Adapun ukuran panggul adalah sebagai berikut :
1) Pintu Atas Panggul
Pintu atas panggul dibentuk oleh promontorium corpus vertebra sacrum, linea
innominata, serta pinggir atas simfisis. Konjugata diagonalis adalah jarak dari
pinggir bawah simfisis ke promontorium, Secara klinis, konjugata diagonalis dapat
diukur dengan memasukkan jari telunjuk dan jari tengah yang dirapatkan menyusur
naik ke seluruh permukaan anterior sacrum, promontorium teraba sebagai
penonjolan tulang. Dengan jari tetap menempel pada promontorium, tangan di
vagina diangkat sampai menyentuh arcus pubis dan ditandai dengan jari telunjuk
tangan kiri. Jarak antara ujung jari pada promontorium sampai titik yang ditandai
oleh jari telunjuk merupakan panjang konjugata diagonalis.

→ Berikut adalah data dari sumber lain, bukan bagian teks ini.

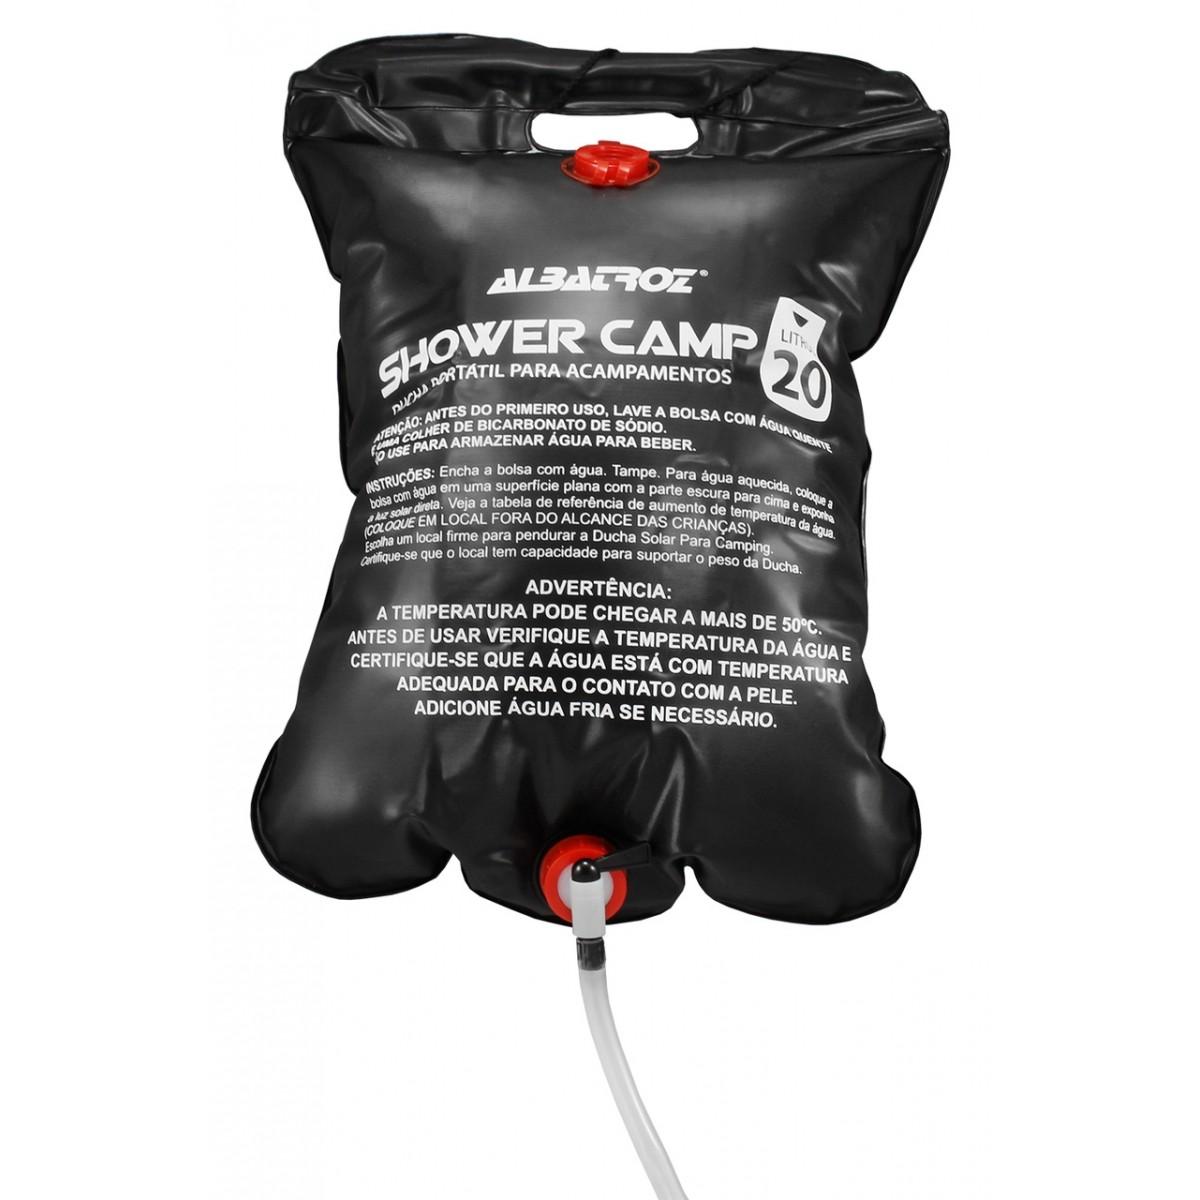 Bolsa Shower Chuveiro para Camping Albatroz  - Comprando & Pescando

Konjugata vera yaitu jarak dari pinggir atas simfisis ke promontorium yang dihitung
dengan mengurangi konjugata diagonalis 1,5 cm, panjangnya lebih kurang 11 cm.
Konjugata obstetrika merupakan konjugata yang paling penting yaitu jarak antara
bagian tengah dalam simfisis dengan promontorium, selisih antara konjugata vera
dengan konjugata obstetrika sedikit sekali.
2) Panggul Tengah (Pelvic Cavity)
Ruang panggul ini memiliki ukuran yang paling luas. Pengukuran klinis panggul
tengah tidak dapat diperoleh secara langsung. Terdapat penyempitan setinggi spina
isciadika, sehingga bermakna penting pada distosia setelah kepala engagement.
Jarak antara kedua spina ini yang biasa disebut distansia interspinarum merupakan
jarak panggul terkecil yaitu sebesar 10,5 cm. Diameter anteroposterior setinggi spina
isciadica berukuran 11,5 cm. Diameter sagital posterior, jarak antara sacrum dengan
garis diameter interspinarum berukuran 4,5 cm.
3) Pintu Bawah Panggul
Pintu bawah panggul bukanlah suatu bidang datar namun terdiri dari dua segitiga
dengan dasar yang sama yaitu garis yang menghubungkan tuber isciadikum kiri dan
kanan. Pintu bawah panggul yang dapat diperoleh melalui pengukuran klinis adalah
jarak antara kedua tuberositas iscii atau distansia tuberum (10,5 cm), jarak dari ujung
sacrum ke tengah-tengah distensia tuberum atau diameter sagitalis posterior (7,5
cm), dan jarak antara pinggir bawah simpisis ke ujung sacrum (11,5 cm).